Вот так мы, все трое, оказываемся за сараем, мы тяжело дышим после бега наперегонки — и в этот момент прибывает супружеская чета Лауэри. Пока их машина катит по длинной подъездной дорожке к нашему домику, Клэр успевает надеть поверх купального костюма халат.
На мне вельветовые шорты, вылинявшая футболка и стоптанные теннисные туфли — экипировка, оставшаяся еще со времени учебы в Сиракьюсе. Узнать меня для Элен не составит труда. А вот узнаю ли я ее? Смогу ли объяснить Клэр (и должен ли объяснять?), что единственное, чего мне на самом деле хочется, это просто взглянуть…
Мне рассказывали, что в довершение ко всем своим хворям Элен набрала где-то килограммов десять. Если это и впрямь так, значит, с тех пор она похудела килограммов на пятнадцать. Из машины она выходит во всем великолепии — самой собой. Пожалуй, она стала бледнее, чем мне запомнилось, или, вернее, ее бледность имеет несколько иной оттенок по сравнению с той квакерски-чистой белизной кожи, к которой я в последнее время привык. Бледность Элен прозрачна, и, если угодно, она источает сияние. Только истончившиеся руки и шея напоминают о том, что у нее были нелады со здоровьем и (что куда важнее!) что ей уже где-то между тридцатью и сорока. Если абстрагироваться от этого, она вновь ослепительна и неотразима.
Ее муж пожимает мне руку. Я ожидал, что он окажется повыше ростом, да и постарше, мне кажется, бывшие мужья всегда ждут от новых чего-то такого. У Лауэри коротко подстриженная черная борода, он носит очки в черепаховой оправе, росточком он не высок, но подтянутый, сильный, спортивный. На обоих супругах джинсы и сандалии на босу ногу, цветастые рубахи с открытым воротом; оба подстрижены под принца Вэлианта.[40] Из драгоценностей и муж, и жена носят только обручальные кольца. Все это мне ровным счетом ничего не говорит. Не исключено, что изумруды покоятся дома в шкатулке.
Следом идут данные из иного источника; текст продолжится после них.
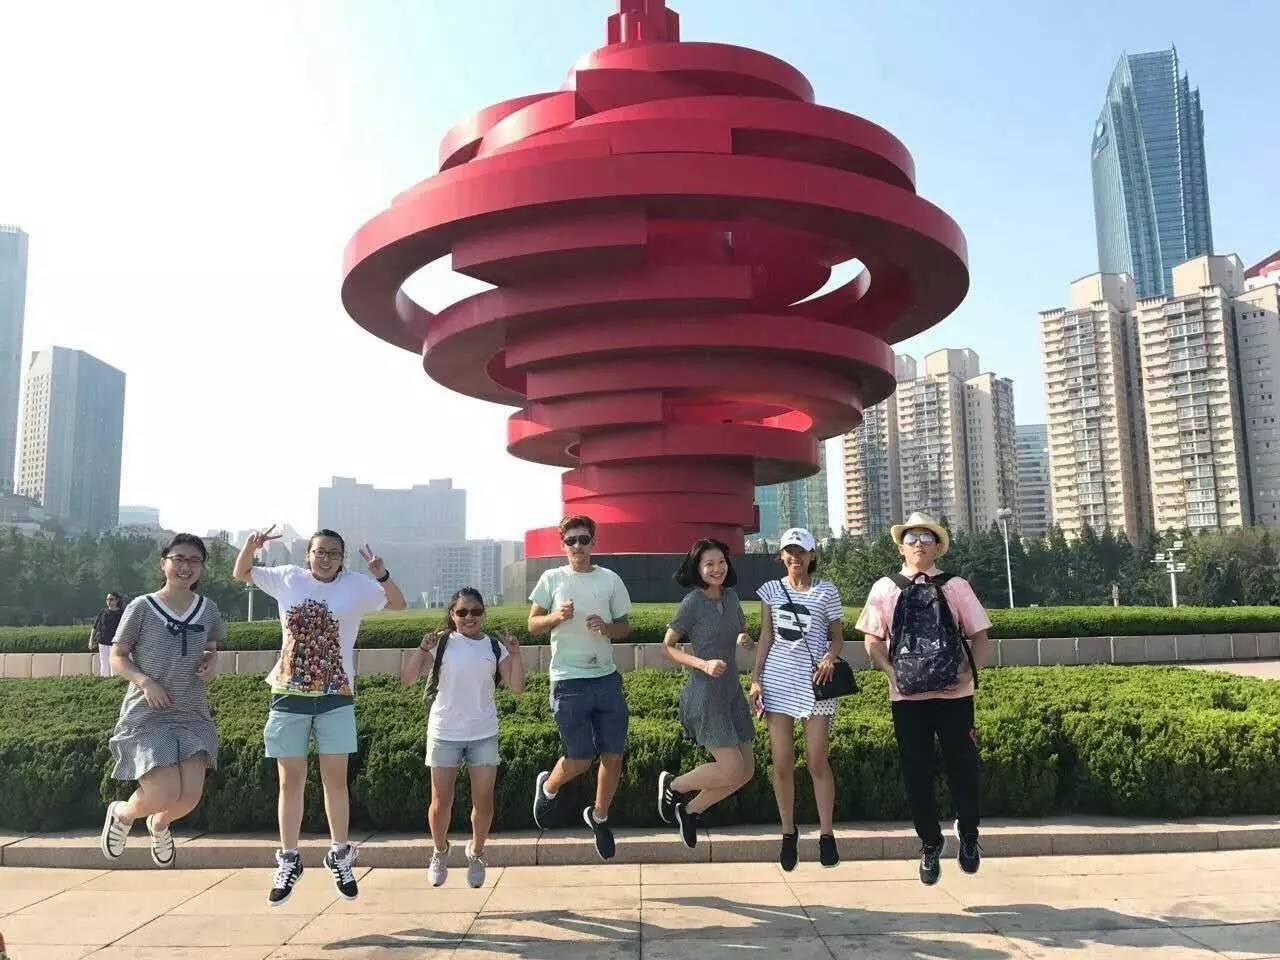 旅校快讯 青岛旅游学校16级 3 4 旅游管理本科班接待美国交流生活动

Мы обходим участок, словно вновь прибывшая пара — перспективные покупатели, которых знакомит с очередным предложением агент по торговле недвижимостью; или словно они соседи из точно такого же дома чуть дальше по дороге, заглянувшие к нам на минуту, чтобы представиться; словно они, как и есть на самом деле, бывшая жена со своим новым мужем, иначе говоря, никто и ничто, а если и нечто, то вызывающее не столько ностальгический, сколько археологический интерес: ну-ка, давайте посмотрим, что это такое мы совершенно случайно извлекли из земли во время раскопок? Да, конечно же, объяснив ей, как проехать сюда, к нашей идеальной берлоге, я не совершил дурацкой ошибки, а главное, богом клянусь, не совершил ошибки опасной. А с другой стороны, как еще удалось бы мне удостовериться в том, что я до конца прошел «деэленизацию» и что эта женщина уже не в силах ни очаровать меня, ни хотя бы разочаровать, короче говоря, что я выработал полный иммунитет к самому прельстительному и самому преступному из всех демонов, существующих в женском обличье? Как права была Клэр, говоря, чтобы я не дергался, прежде чем — разумеется, по моей вине, разумеется, из-за моей растерянности и смущения после того, как я, пригласив Элен, повесил трубку, — начала дергаться сама.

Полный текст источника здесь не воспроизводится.